Outside the Seattle mosque, Abdul-Hakim, a Brooklyn-born African American who converted to Islam, said that members of the community had gone to Bly in search of a place to raise livestock for meat that would match Muslim precepts, but abandoned the idea. "We decided it was too far away," he said.

He also scoffed at reports that Muslims there had been taking target practice. "If a Muslim shoots a gun down there, they call him a terrorist," he said. "If anyone else does, they call him a hunter."

Others at the mosque, which is in a beleaguered neighborhood a few miles east of downtown Seattle, described Osman as a mechanic and a Navy reservist who does not hate the United States. "I never heard him say anything about terrorism," Omar Hashi said. "This is crazy."
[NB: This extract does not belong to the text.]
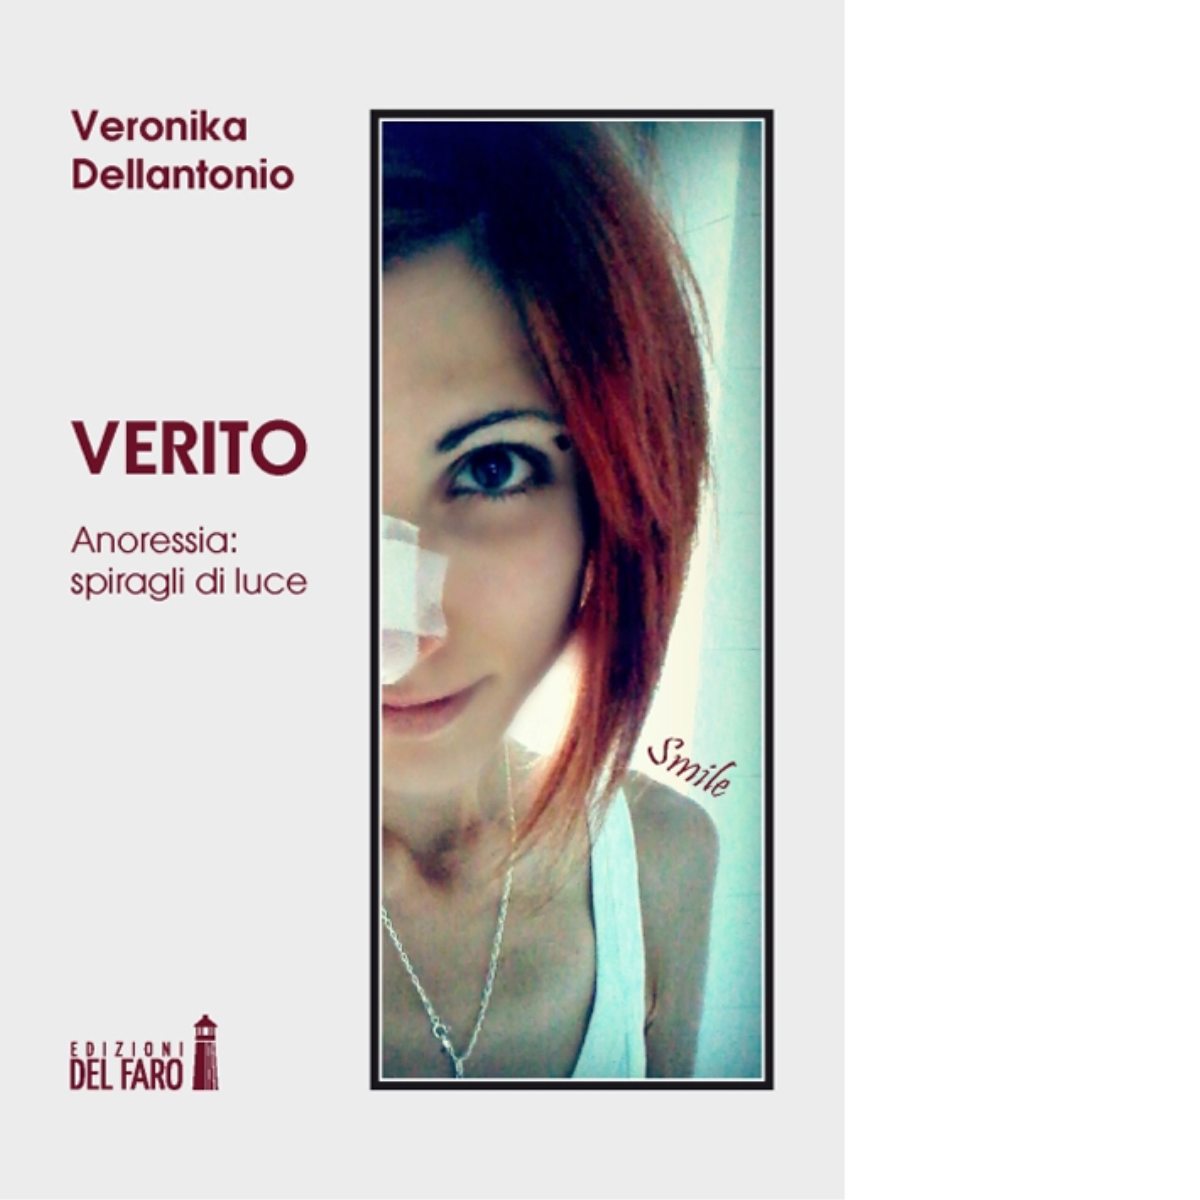 Verito. Anoressia: spiragli di luce di Dellantonio Veronika - Del Faro, 2014
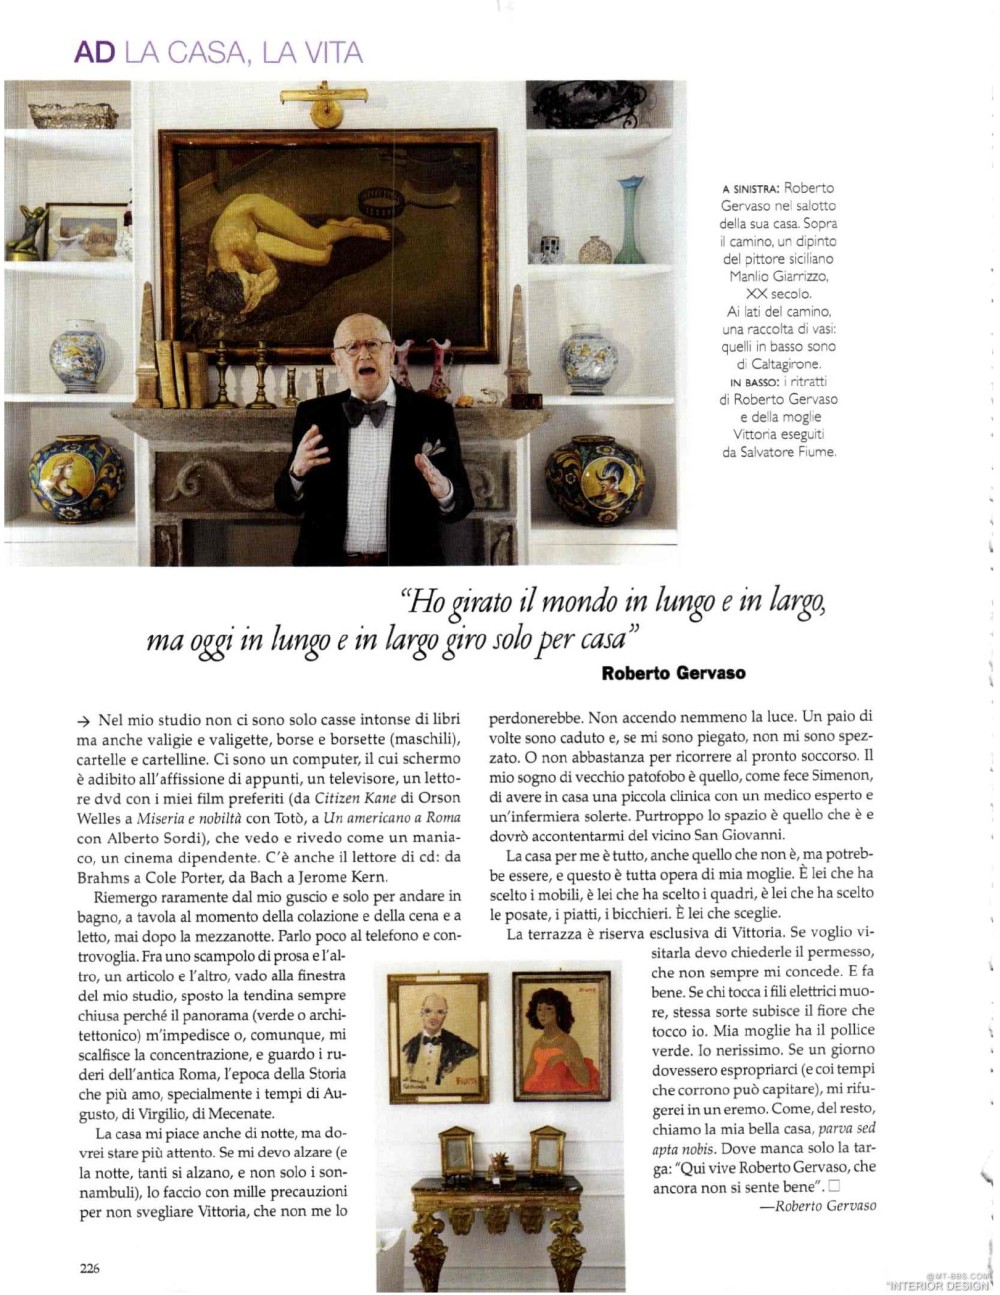 意大利AD 杂志 2012年全年JPG高清版本 全免（上传完毕）_0228.jpg

The community that worships at the small mosque is a mix of middle-aged men who are African Americans or immigrants from Africa and the Middle East. Many of them drive cabs.

Authorities say there have been reports that weapons had been stored in a building a few blocks away that housed the mosque until it was damaged in an earthquake last year, when it was known as the Dar-us-Salaam mosque. Abdul-Hakim said some members of the mosque had decided to keep or carry a weapon there because they had had confrontations with local drug dealers. "We were being threatened because we tried to help clean up the area," he said.

Two other members of the mosque who apparently are subjects of the FBI probe, James and Mustafa Ujaama, issued a statement this week denying that they were terrorists. They are brothers who grew up in Seattle and converted to Islam. The Seattle Times has reported that investigators believe that James Ujaama helped post radical Islamic teachings on a Web site for al-Masri's London mosque and escorted two representatives from the mosque to the Oregon ranch.

In Bly, residents recalled seeing Osman and other Muslims in the area but differed on whether their activities were suspicious. Some said the men did nothing unusual and were friendly, and others said they were aloof and edgy.

Billie Livingston, a tow truck driver, said that the men at times made her feel uneasy but that she never had reason to suspect they were terrorists.

"It's still never even entered my mind that they would be part of it," she said. "But you never know."

Staff writer Susan Schmidt in Washington and special correspondent Jeff Adler in Los Angeles contributed to this report.